I have run further tests regarding this issue. The password injection works fine up to Jenkins version 2.138.3. For newer versions, after running Puppet, there are two different Jenkins admin users created:

ls /var/lib/jenkins/users/
admin  admin_5200768367454072463  users.xml

The password specified in the buildfarm yaml configuration is well injected into the admin user:

cat /var/lib/jenkins/users/admin/config.xml  | grep password
      <passwordHash>#jbcrypt:$2a$10$vmmqzRmcDHj1t9Ajgq5edekPD8cbpD./pBSGcYzia.OsIroOKjghm</passwordHash>

The other admin user has the password that corresponds to the one found in /var/lib/jenkins/secrets/initialAdminPassword:

cat /var/lib/jenkins/users/admin_5200768367454072463/config.xml | grep password
      <passwordHash>#jbcrypt:$2a$10$tQURLPyepNOlsO8ZHmMDYeenk/brjXGoIKEwci3vPaKqOpgStgVry</passwordHash>

But the users.xml maps the user admin to the admin_5200768367454072463 folder. In Jenkins 2.138.3 that users.xml file does not exist.

I have manually changed users.xml and make it point to the admin folder, and after a Jenkins restart, my Jenkins admin's password matches the one specified in the buildfarm yaml configuration. Just deleting the users.xml also seems to have the same effect.
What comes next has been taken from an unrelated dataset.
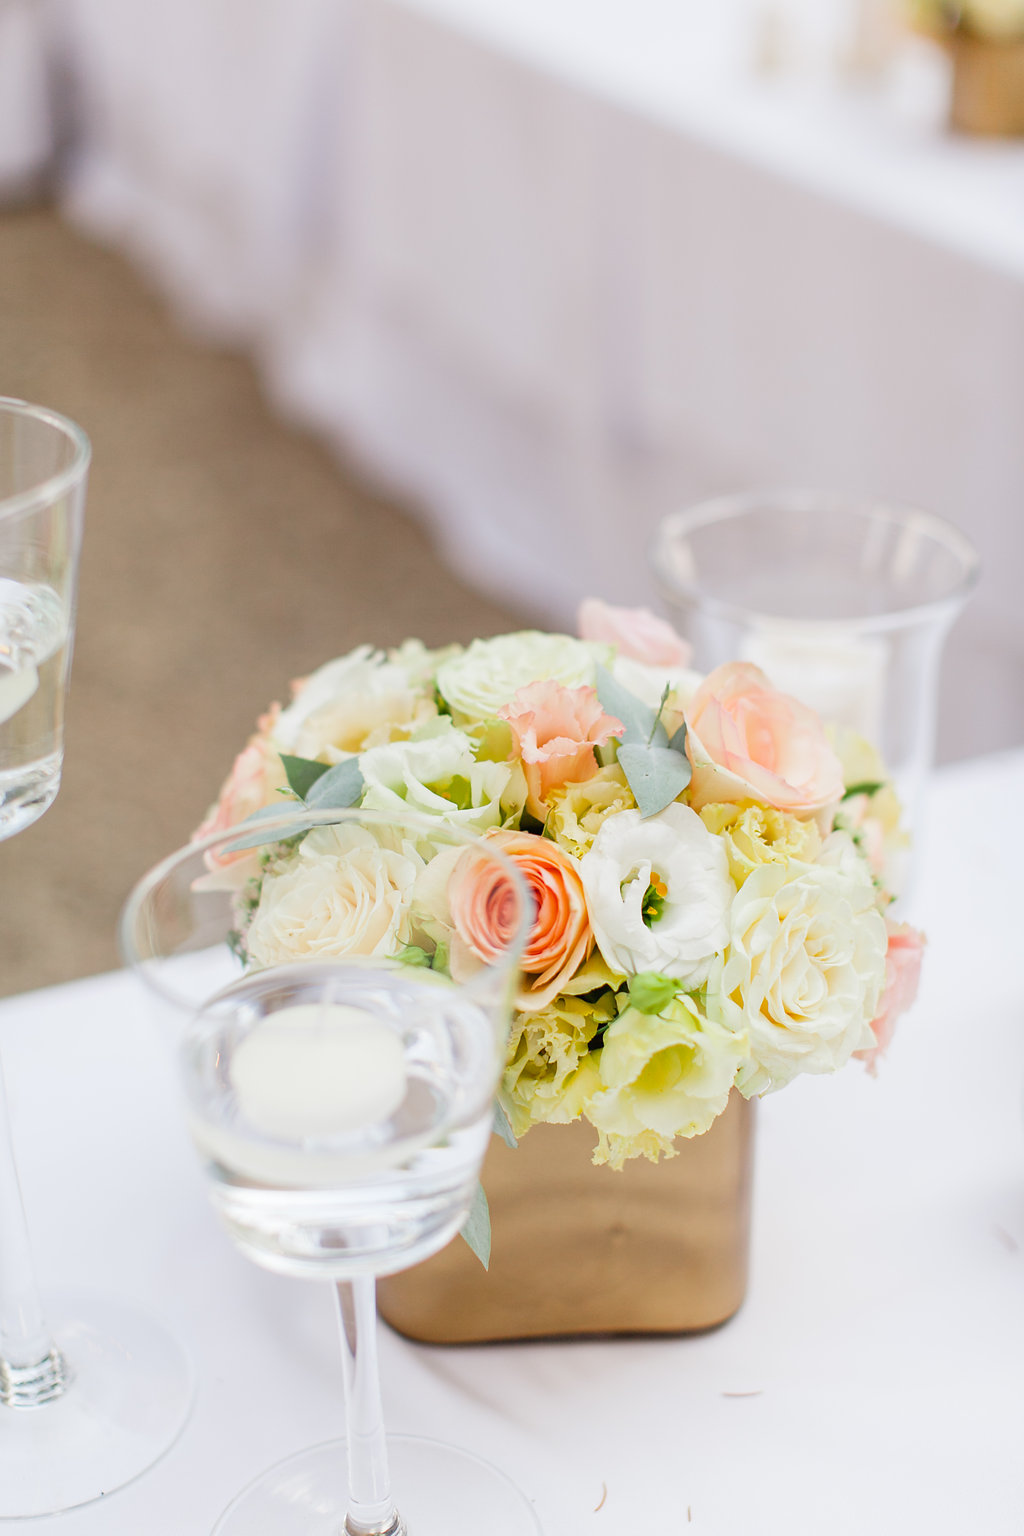 castelfalfi-tuscany-wedding-photographer-roberta-facchini-272

jonazpiazu commented 4 years ago

I added a simple workaround in a branch. Even if it works, I would not merge it, as I do not think it is a clean solution.

jonazpiazu commented 4 years ago

Further looking into the Jenkin's documentation, I found the following issue:

https://jenkins.io/doc/upgrade-guide/2.138/#SECURITY-1072

As stated in there, the user's record has changed, so the cleaner solution is to update the current format.